Antho Christen
Antho Christen

Reputation: 1329

JPA create query only once

Firstly, sorry if I am asking the obvious or if the question it is fundamentally dumb in nature.

More an academic question need to know if I can create a JPA query (named or whatever), that spans across or is independent of an EntityManager . Basically, Prepare once run always. I do understand that we can only get a Query instance from the enitity manager objects's createXXXQuery methods, but still, is there another way?

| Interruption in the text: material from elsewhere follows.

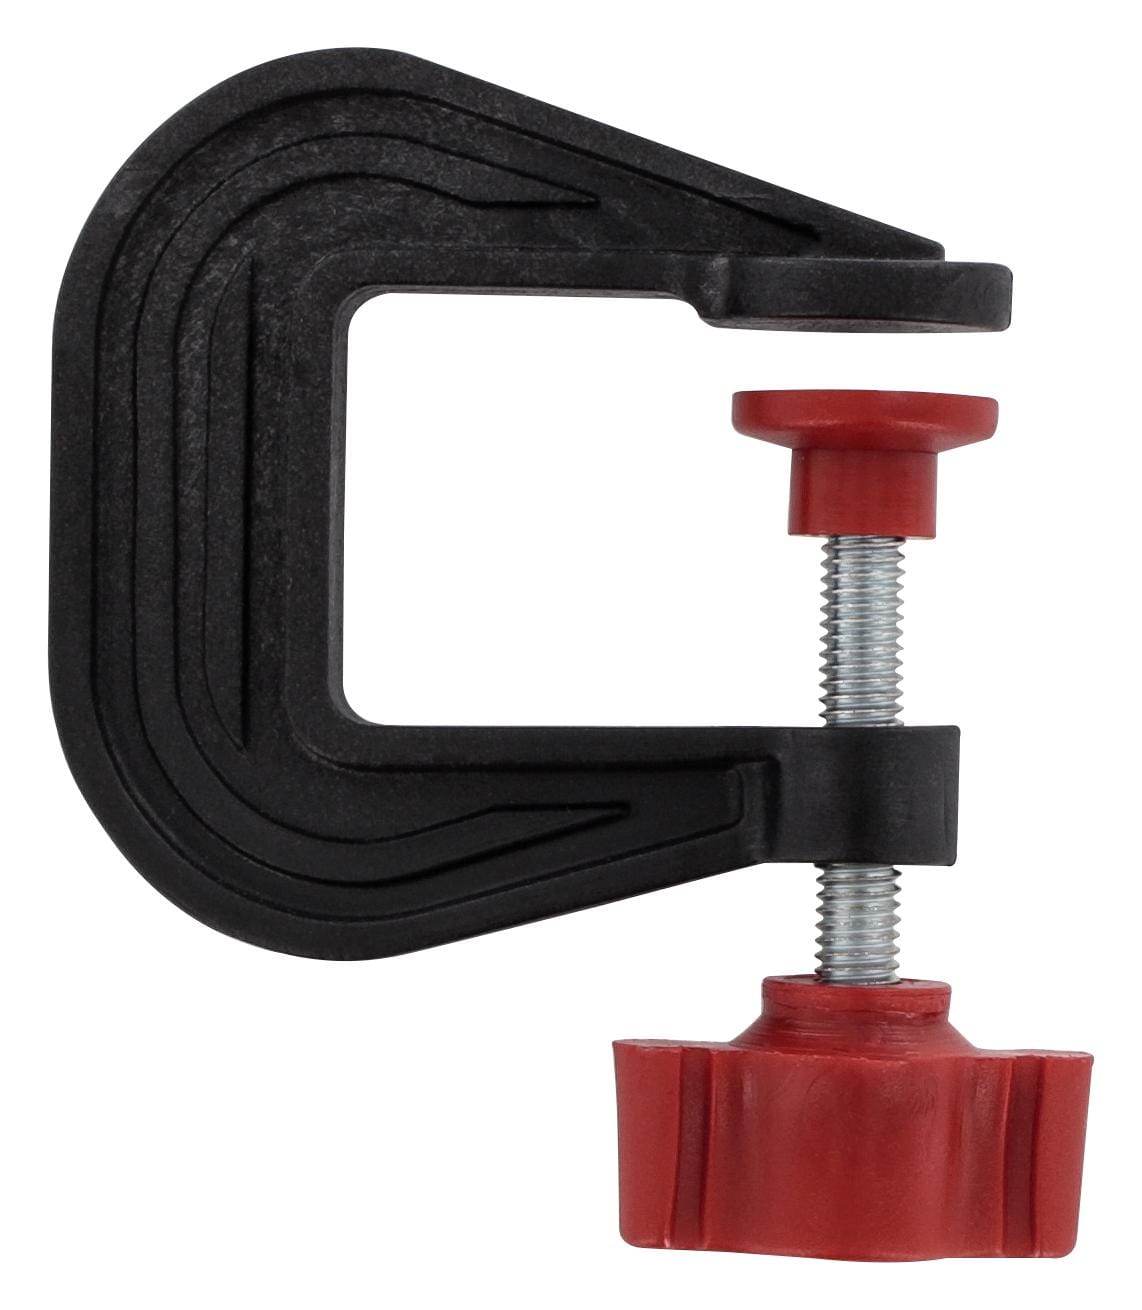 MODELCRAFT G Clamp PCL3025 G CLAMP, PLASTIC, 25MM MODELCRAFT 2915113 PCL3025

This is what is am trying to do,

public class MyRepo {
 @PersistenceContext
 private EntityManager em;

 private Query aQueryIntentedtoBePreparedOnlyOnce;

 @PostConstruct
 public void prepareMyQuery(){
  aQueryIntentedtoBePreparedOnlyOnce = em.createQuery("...."); // Query with positional params
   }

  public void executeMyQuery(){
   aQueryIntentedtoBePreparedOnlyOnce.getResultList();
  }
 }

This executes perfectly the first time. But, the second time it says "Entity Manager Closed." I understand this is cause the EM is Transaction scoped.

This EM is container managed(JTA - Spring), so I can't extend it across transactions. And, using Session beans is not an option. So, is there a way to create this query only once?

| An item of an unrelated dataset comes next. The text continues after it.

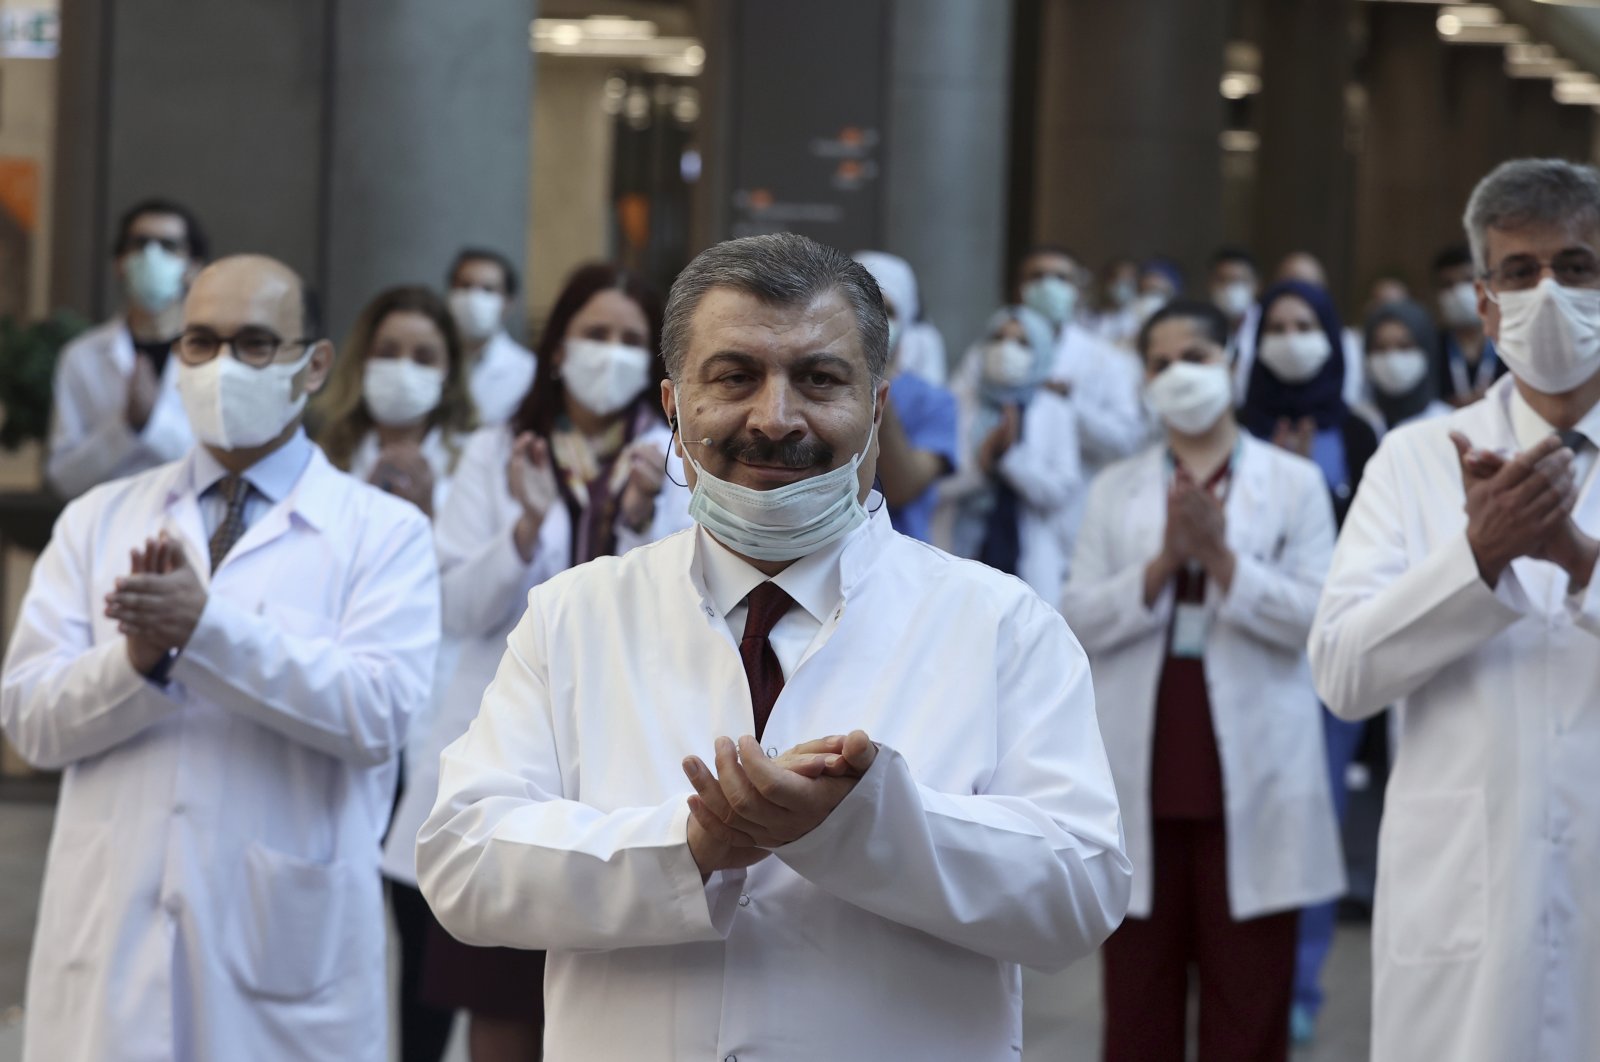 Turkish Health Minister Fahrettin Koca and medical official applaud during inauguration ceremony of the Başakşehir City Hospital, in Istanbul, Monday, April 20, 2020. President Recep Tayyip Erdoğan inaugurated a 2,600-bed public hospital via teleconference in Istanbul, whose construction was expedited amid the new coronavirus outbreak. (AP Photo)

PS : Where do Named queries and query caching come here? with Named queries I still seem to do createNamedQuery every time. And what is query cache plan are there any good docs for it?

One other question, why are queries only created on the EM or on a Connection(JDBC)? Don't I just need to know which DB I'm talking to in-order to prepare a query? It is so that one can never execute one without a proper connection?

Upvotes: 2

Views: 1548

Answers (1)

coladict
coladict

Reputation: 5095

Each Query object is tied to a specific EntityManager and cannot be reused in another, just as each EntityManager is tied to one JDBC connection.

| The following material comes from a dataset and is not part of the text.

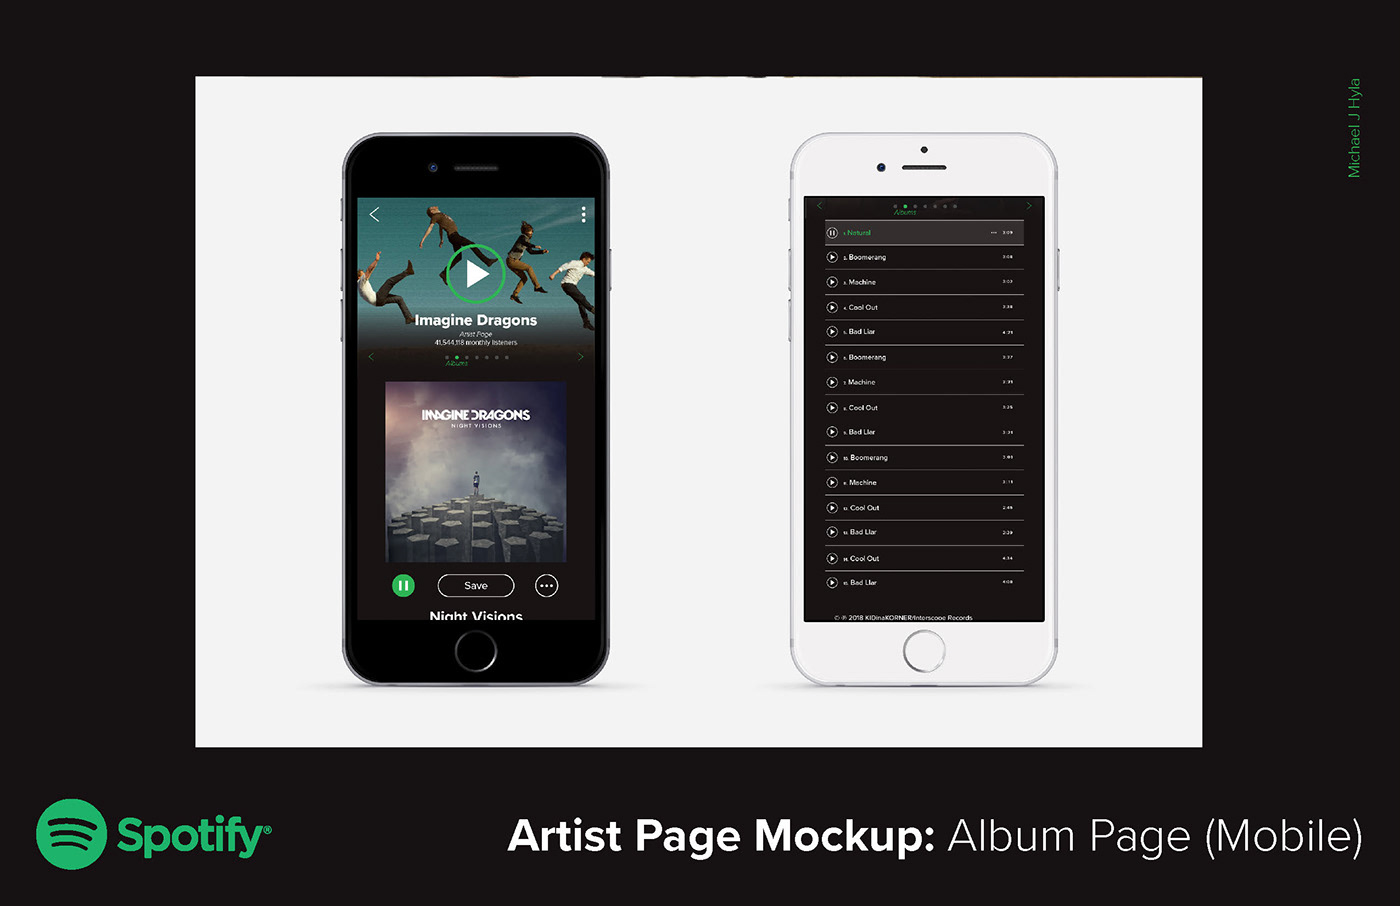 spotify music Streaming streaming service brand guidelines musicians Layout user interface user experience

The named queries are a way to cache the compiled queries and useful metadata about them. Normally when you use em.createQuery it parses it every time. It may keep some information about it in a cache, because it's very likely to encounter the same query again, but that's not required.

Queries are created by calling createStatement (returning a Statement), prepareStatement (returning a PreparedStatement which inherits the previous one) or prepareCall (returning a CallableStatement which inherits the previous two) on the JDBC connection. Those Statement objects have no interface to switch to another connection. Depending on the driver, they may be cached within the Java application or on the server. A Statement can be reused as many times as you want on the same connection, but not on others.